Vrije natiolectische variant(en)

“In tegenstelling tot de synoniemen waar het om verschillende woorden gaat, gaat het bij de varianten om het voorkomen van een verschillend, naast een gemeenschappelijk woord.” (Martin 2001: 729) Er is dus nog (ten minste) een extra woord voor hetzelfde concept. Zo is

vagina het gemeenschappelijke woord voor ‘vrouwelijk geslachtsorgaan’, maar komt in het SN

ook poen voor. Natuurlijk veroorzaakte de Suske en Wiske-strip De poenschepper daarom algemene hilariteit in Suriname (Van der Gucht et al. 2017: 14). Leerlingen kunnen bij deze varianten het gemeenschappelijke, standaardtalige woord proberen te achterhalen of ze kunnen een Surinaamse, Nederlandse of Vlaamse tekst meer ombuigen naar het SN, NN en/of BN met behulp van de natiolectische variant(en). Op deze manieren wordt het Standaardnederlands opengetrokken en leren de leerlingen heel actief dat er ook binnen de vaak als rigide aangevoelde standaardtaal variatie mogelijk is. Voorbeelden zijn onder andere: - ‘kromme vrucht met gele schil’ is een banaan, of ook wel bacove (SN) of pisang (NN) - ‘vrucht van aubergineplant’ is een aubergine, of ook welboulanger (SN)

- ‘mannelijk geslachtsorgaan’ is een penis, of ook wel walapa (SN) of peen (NN)

- ‘eetbare knol van de aardappelplant’ is een aardappel, of ook wel pieper (SN) of patat (BN)

Besluit

In het bovenstaande hebben we geprobeerd om inzicht te krijgen in de manier waarop de natiolectismen zich onderscheiden.

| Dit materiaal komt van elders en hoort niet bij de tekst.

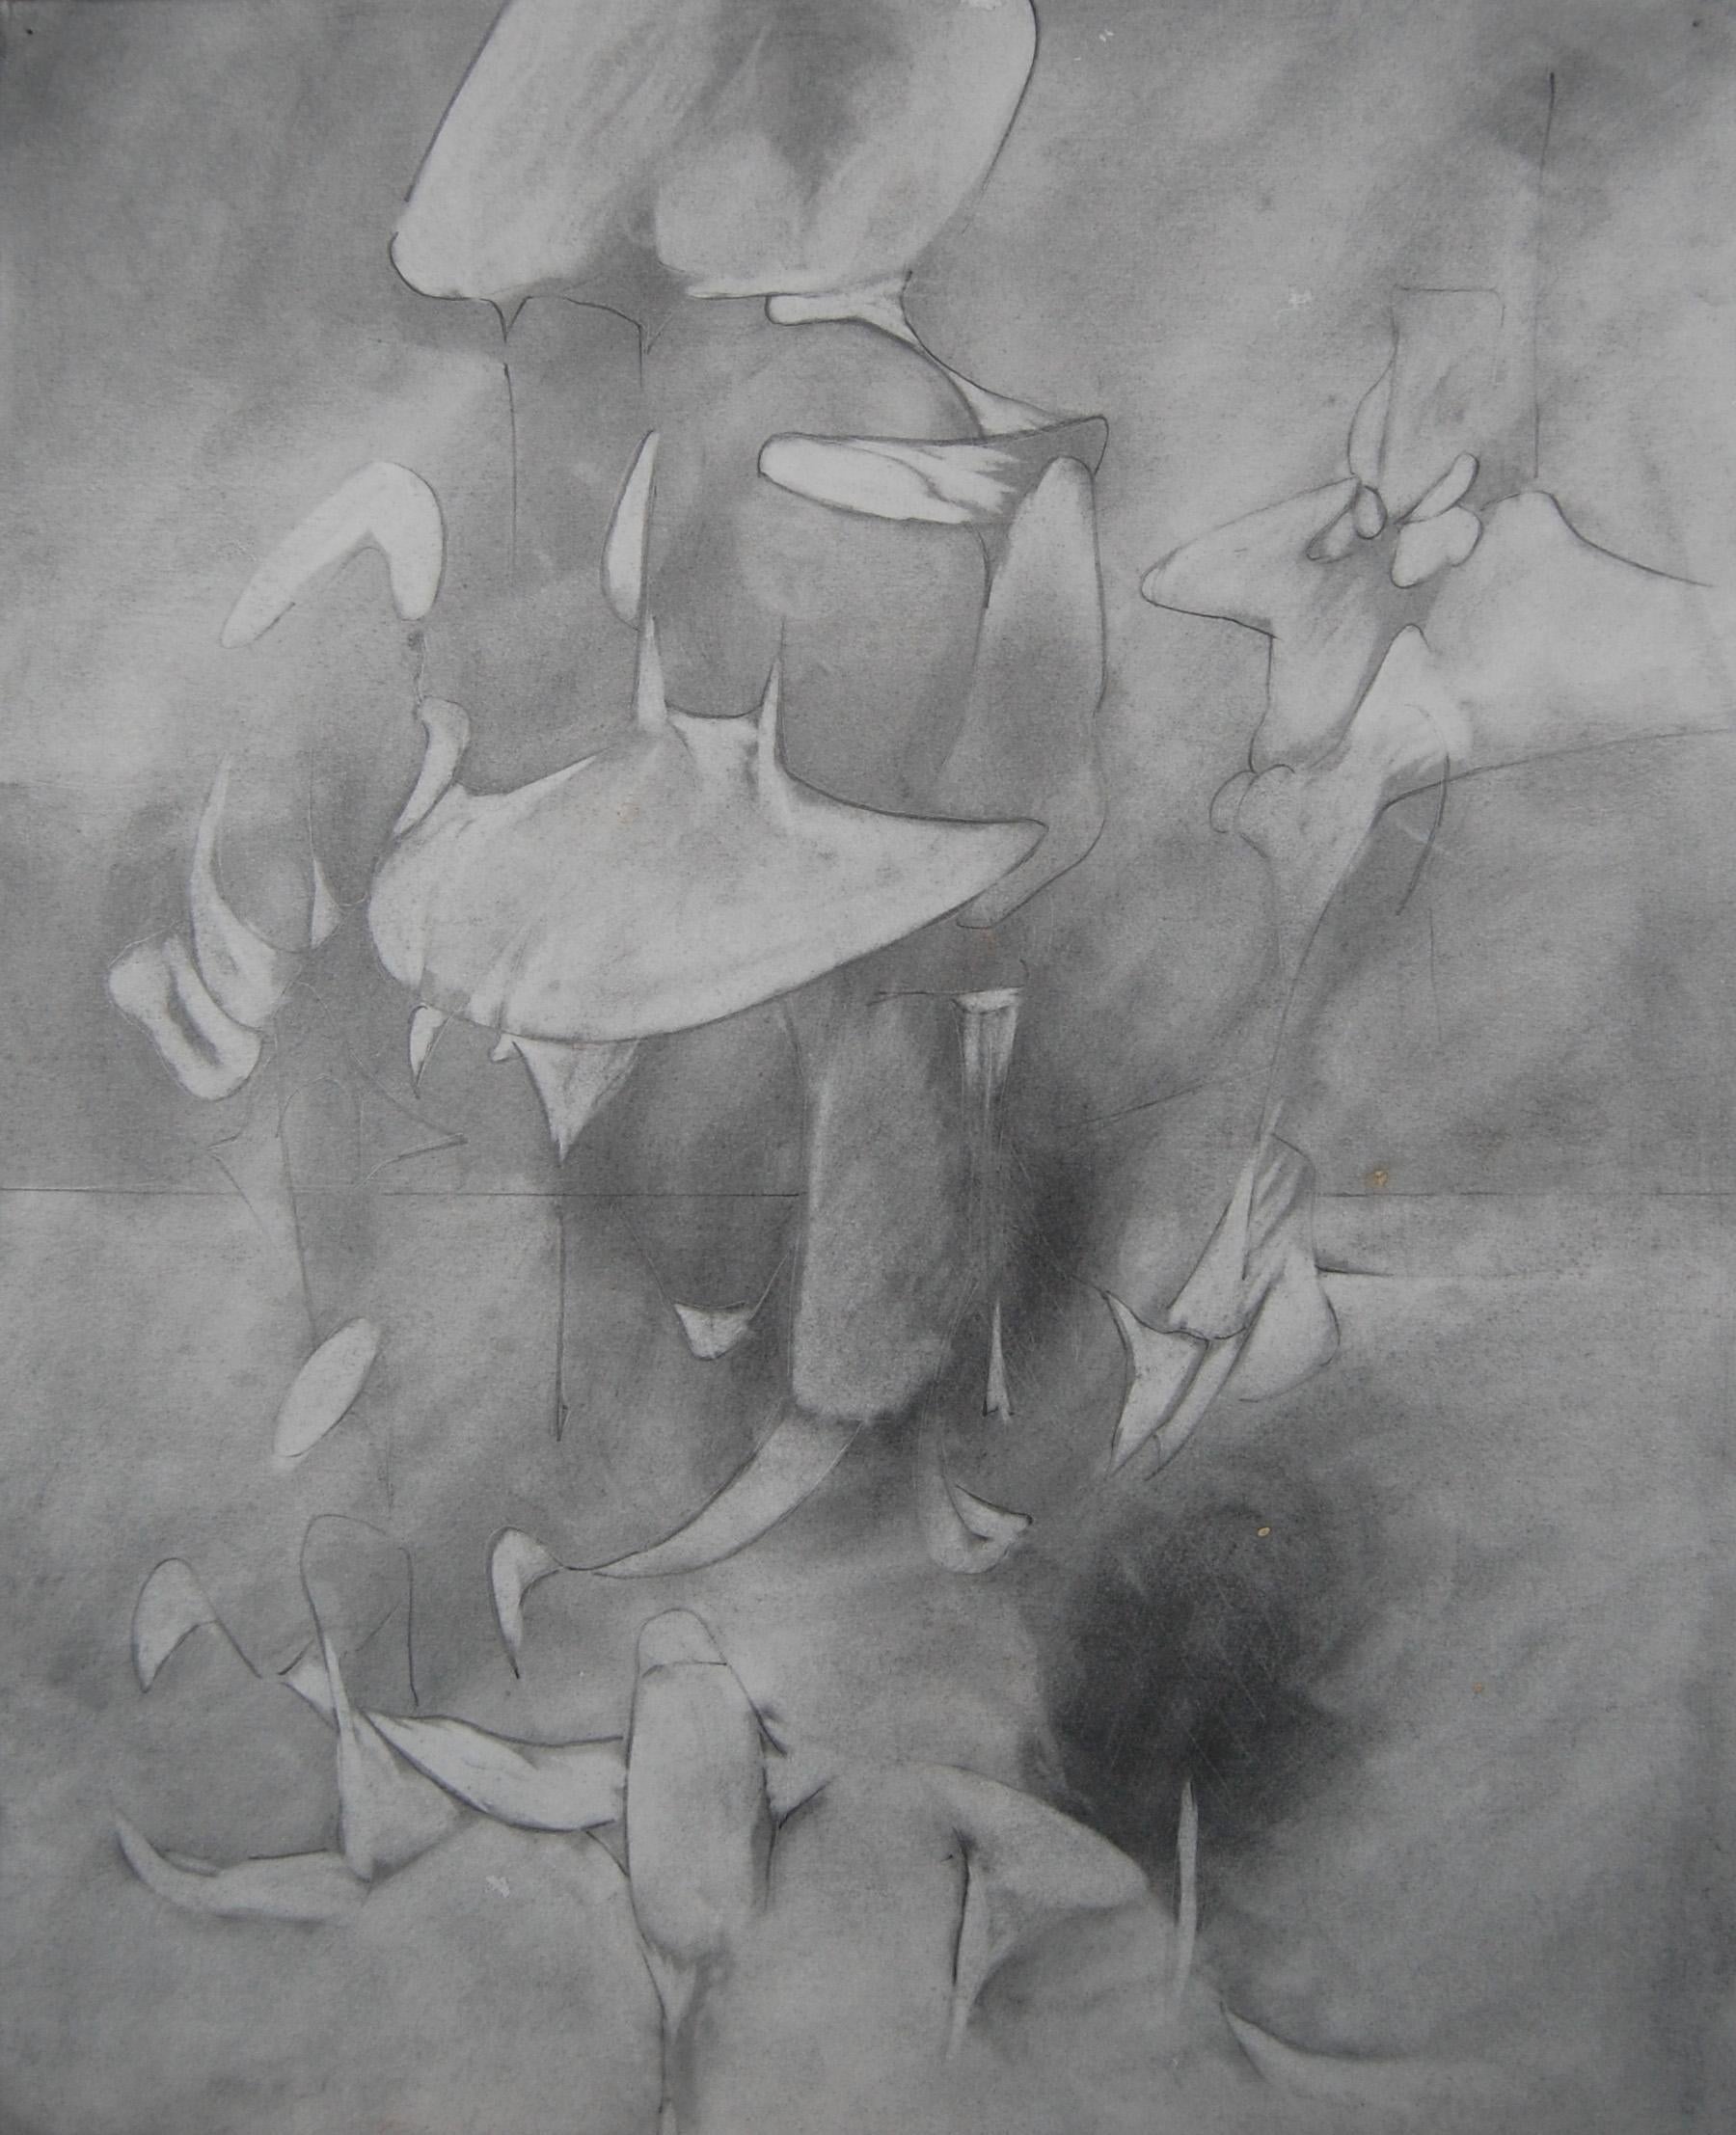 Abstract Drawing Daniel Ketelhut - Dessin abstrait, ""Étude au graphite pour le lâcher prise"".

Al dat materiaal leent zich tot een klassetting: een cultuurles kan de cultuurgebonden items binnen verschillende domeinen behandelen, unieke en vrije natiolectische varianten kunnen in diverse mini-onderzoekjes via het ANW aan bod komen, de valse-vriendparen kunnen zonder veel aanpassing bij de lessen woordsemantiek betrokken worden en net zoals in de lessen Engels kunnen synoniemenparen van het SN, NN en/of BN hun weg vinden tot in de lessen Nederlands. Op een heel toegankelijke, speelse en gevarieerde manier kunnen leerlingen via het ANW aan de slag met nationale lexicale variatie op een meer of minder zelfstandige manier. Zoals vermeld, volgen enkele concrete lesideeën in hoofdstuk 6.